» **Records for processing**
————

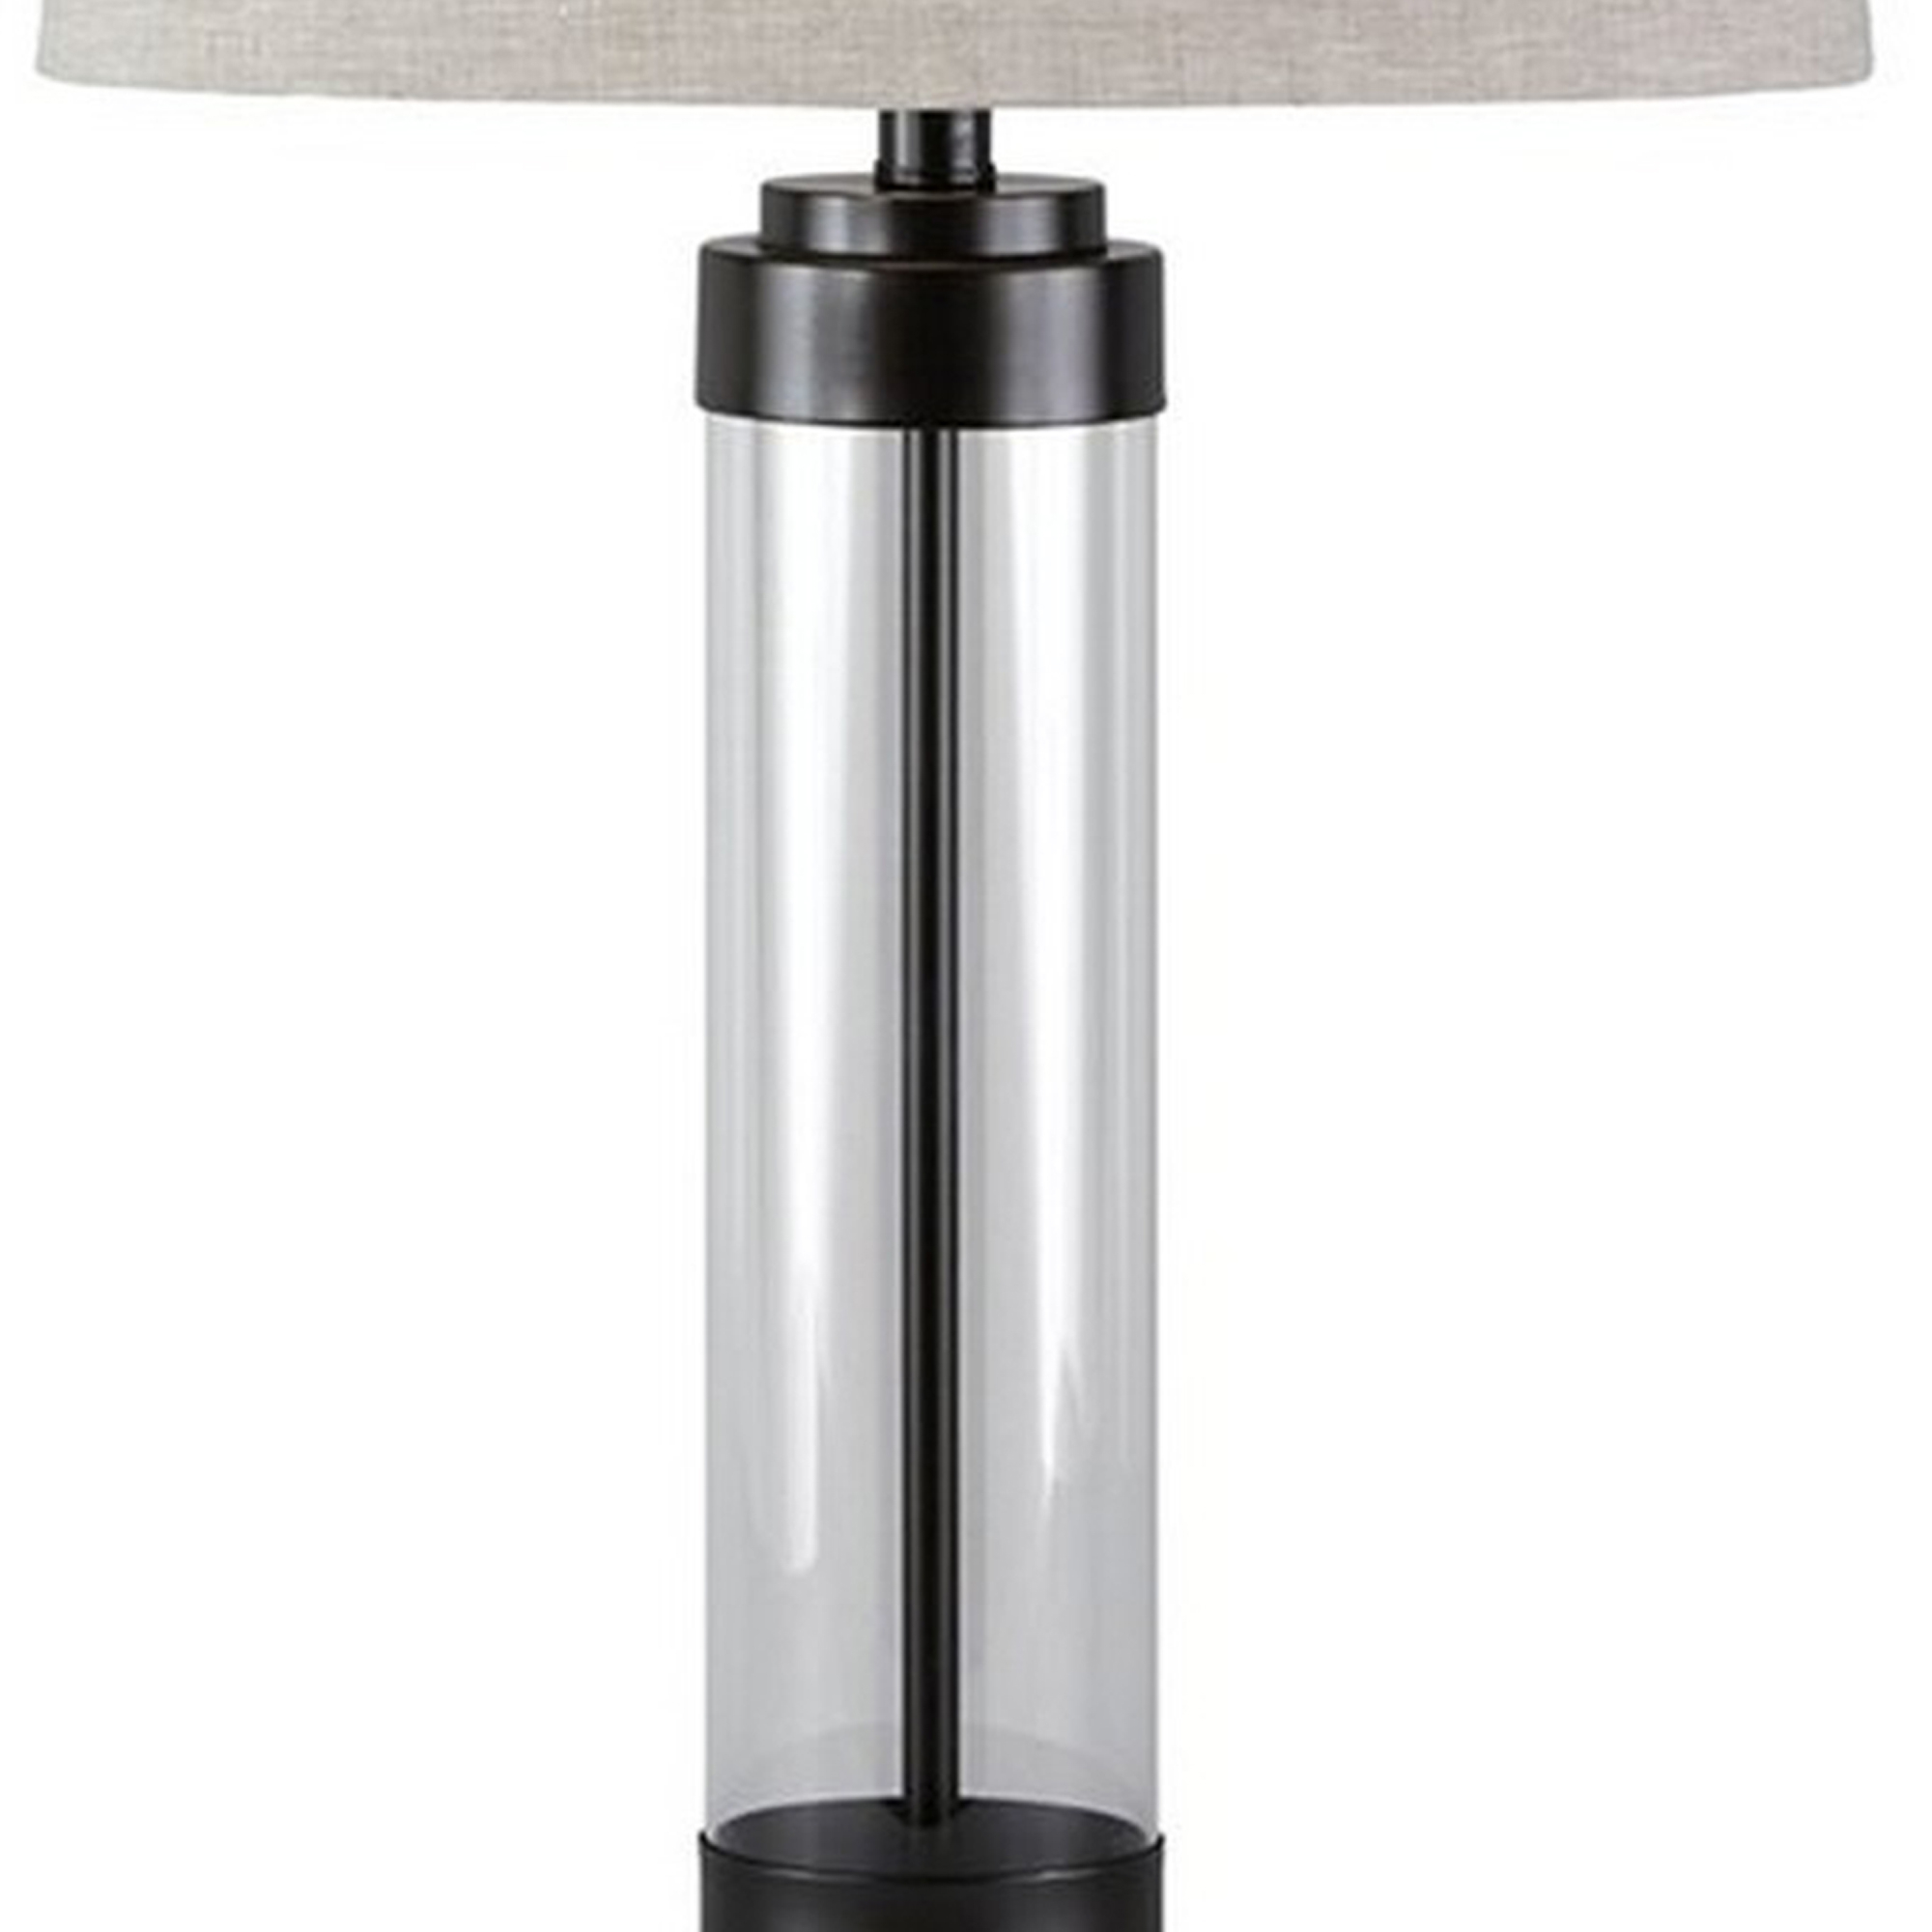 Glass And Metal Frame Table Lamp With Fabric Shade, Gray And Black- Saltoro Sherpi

————

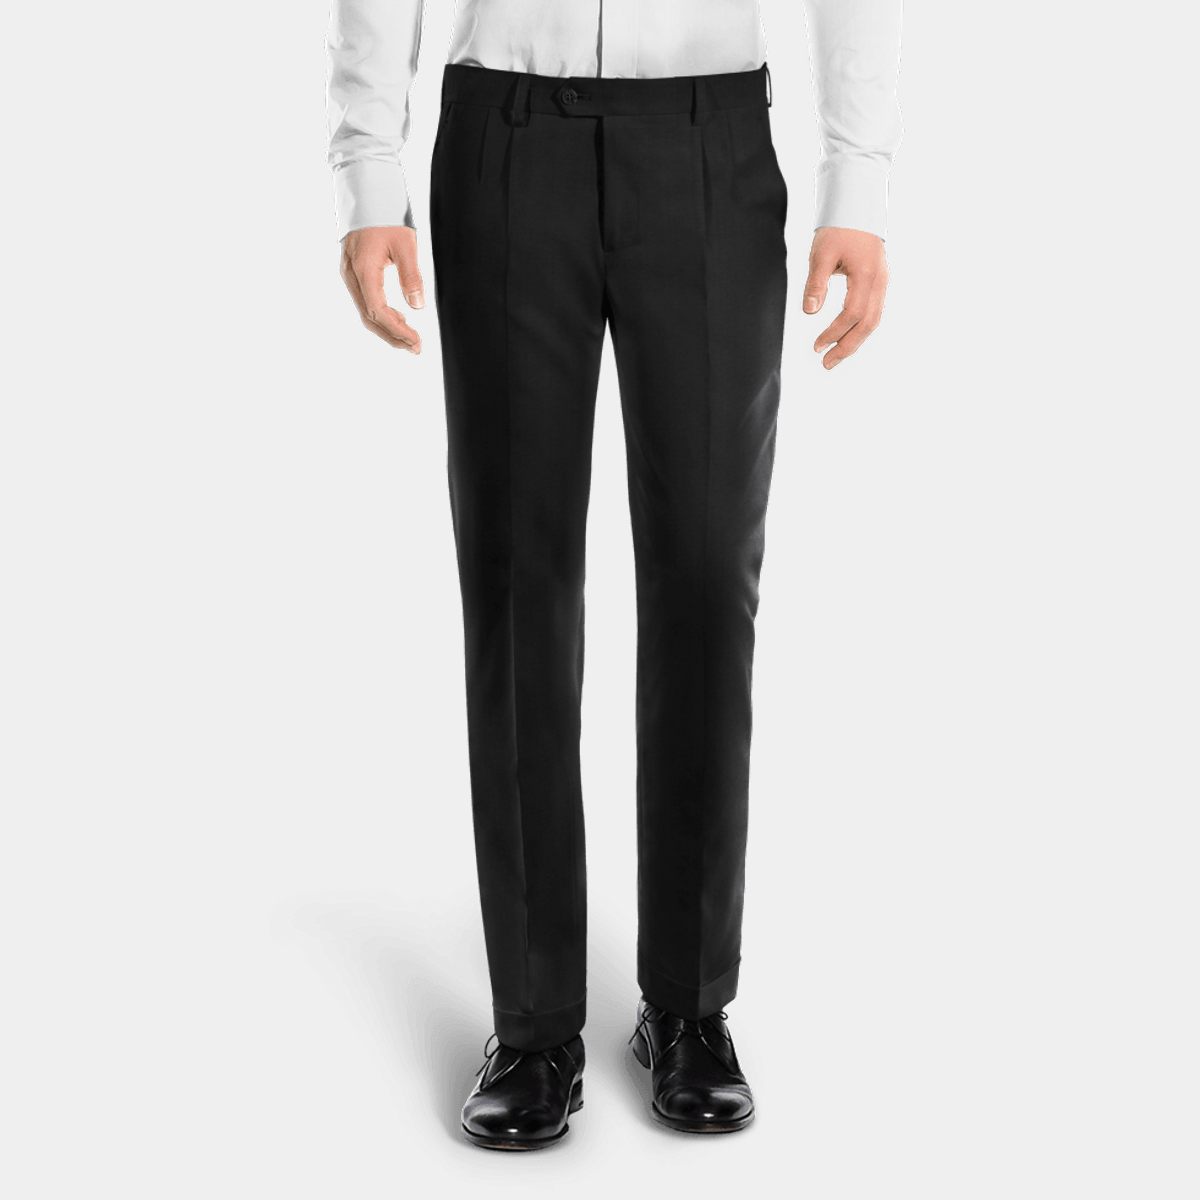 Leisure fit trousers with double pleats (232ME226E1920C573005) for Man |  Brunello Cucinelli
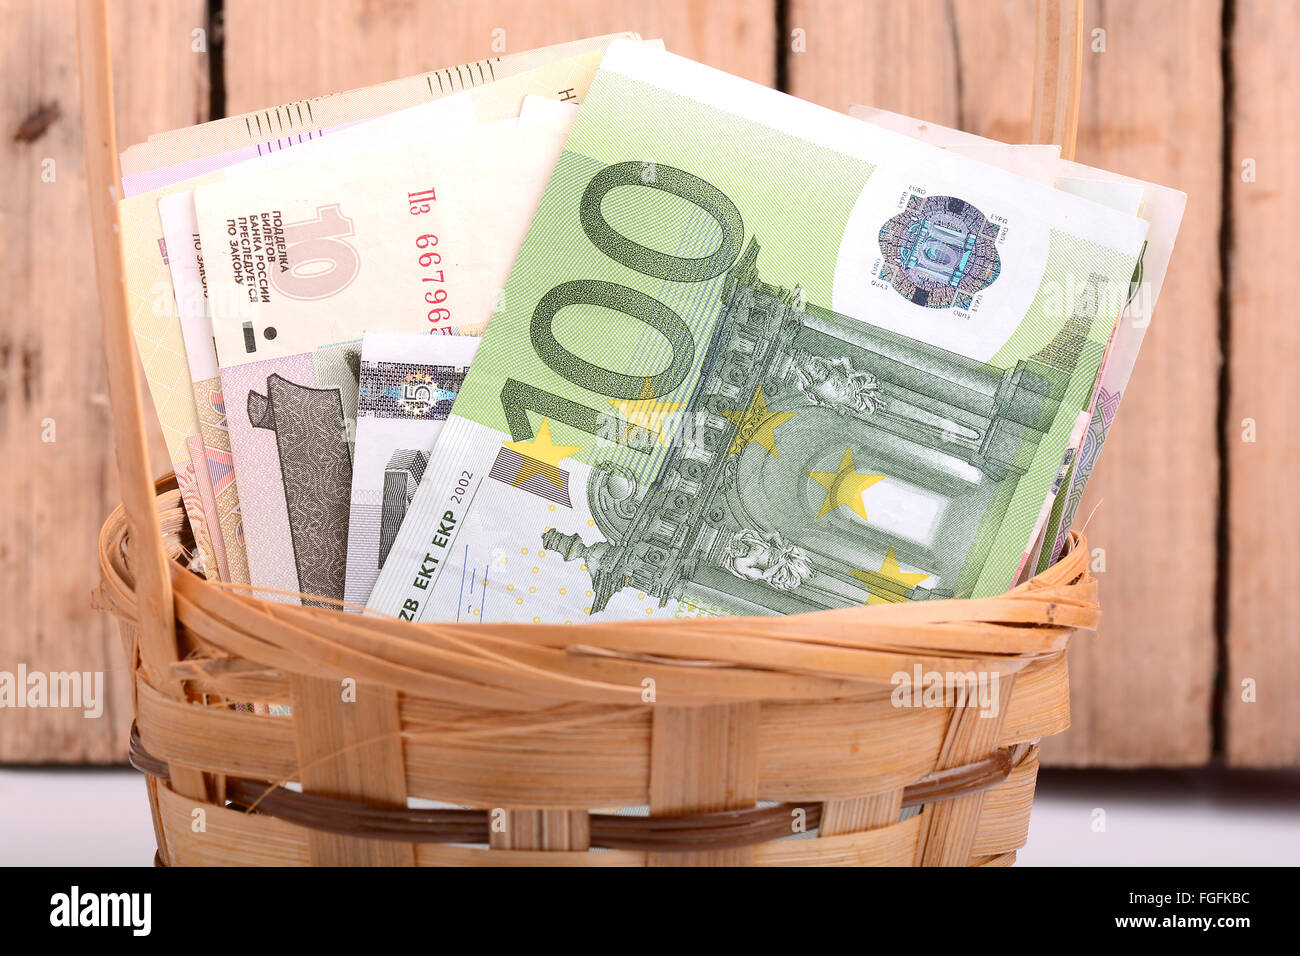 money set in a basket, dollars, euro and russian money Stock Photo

————

» **Task brief**
In the material above, the stretch from the line with "Leisure fit trousers" through the line with "money set in" is to be given again exactly, minus the pictures.

» **Response to this exercise**
 Leisure fit trousers with double pleats (232ME226E1920C573005) for Man |  Brunello Cucinelli
 money set in a basket, dollars, euro and russian money Stock Photo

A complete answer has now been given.